L’avvelenamento non colpisce comunque solo l’apparato digerente, ma anche quello respiratorio, renale, cardiovascolare, il sistema nervoso e le ghiandole endocrine. “Non dimentichiamo, poi, che l’ingestione non è l’unica causa di avvelenamento in quanto anche il semplice contatto con la pianta può causare gravi danni alla pelle (tossicità da contatto).”
Non tutti sanno, inoltre, che il il colchico possiede potenziali proprietà teratogene, ovvero dannose per il feto, e che possono trovarsi anche nel latte di pecore e capre che hanno brucato la pianta dato che, a differenza dell’uomo, questi animali sono resistenti all’azione tossica del colchico. “Attenzione – raccomanda l’intervistata – quindi al consumo di latte fresco non trattato”.
Infine, l’avvelenamento può anche essere cronico: in tali casi, il sintomo più tipico è la perdita dei capelli, che ne facilita la diagnosi.
Cosa fare in caso di sospetto avvelenamento?
In caso di sospetto avvelenamento, la dottoressa Evangelisti suggerisce di recarsi immediatamente al Pronto Soccorso dove la terapia d’effetto consiste, in genere, in lavanda gastrica e somministrazione di carbone vegetale, in grado di assorbire la tossina dal tratto gastro-intestinale e di stimolare la diuresi, utile all’eliminazione della tossina stessa.
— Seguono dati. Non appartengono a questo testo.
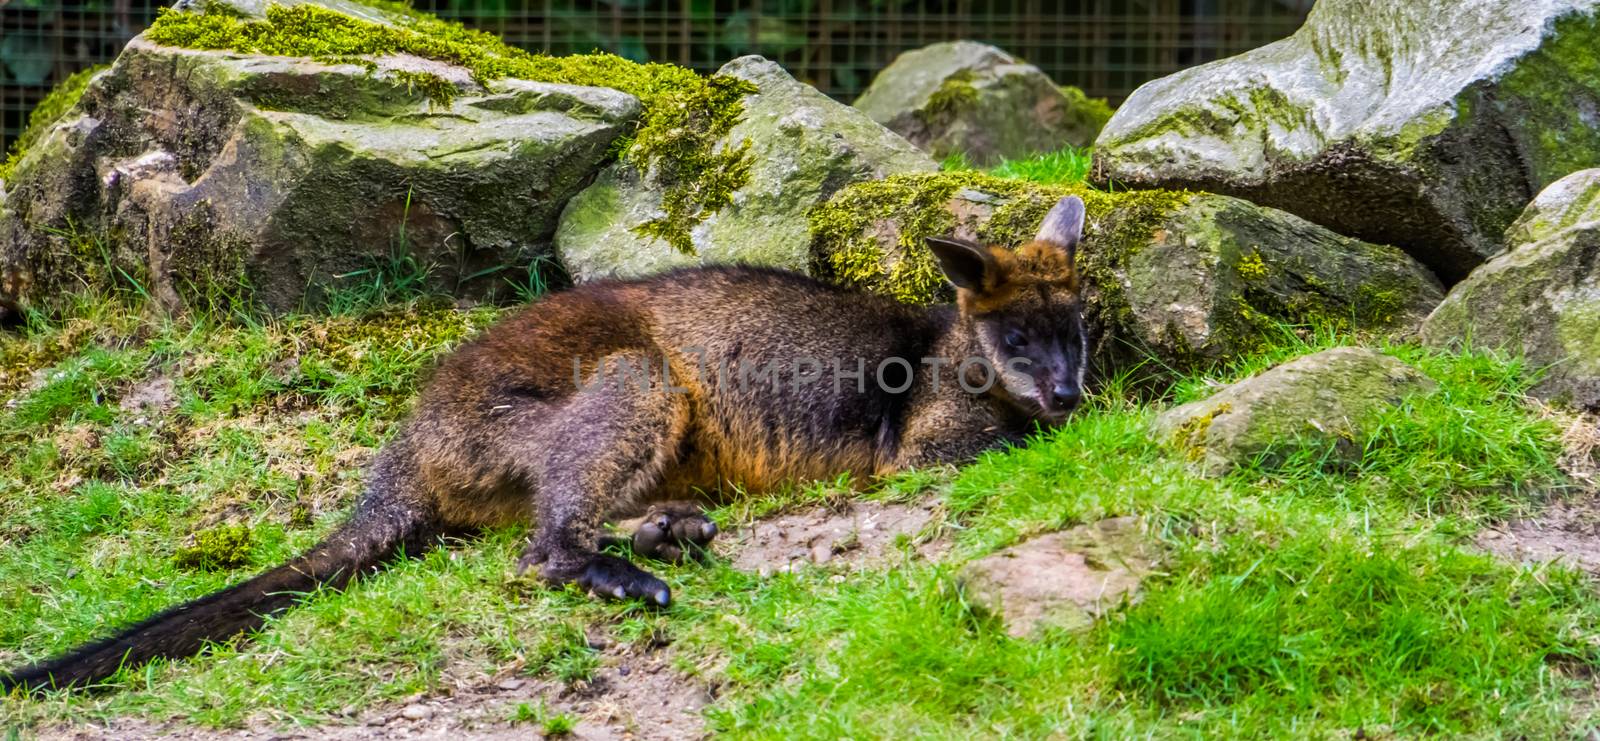 closeup of a swamp wallaby laying on the ground, tropical marsupial from Australia

La diarrea, qualora sia presente, non viene bloccata poiché anche le feci sono una via di eliminazione della tossina.
Uso fitoterapico della colchicina
Sebbene, dunque, il contatto con il colchico d’autunno possa essere molto pericoloso, la colchicina viene usata a livello omeopatico, a scopo terapeutico, per il trattamento di alcune patologie quali la gotta e alcune epatiti croniche. “Si tratta – precisa la dottoressa Evangelisti – di colchicina di sintesi. Per la gotta, in particolare, viene utilizzata perché è in grado di rallentare i processi metabolici che portano alla formazione di acido urico”.
In conclusione, è importante ribadire che l’uso a scopo terapeutico fa comunque strettamente riferimento a dosi molto limitate e ad esso si può attingere solo ed esclusivamente sotto stretto controllo medico.
Voi conoscevate il colchico d’autunno e sapevate come distinguerlo dallo zafferano?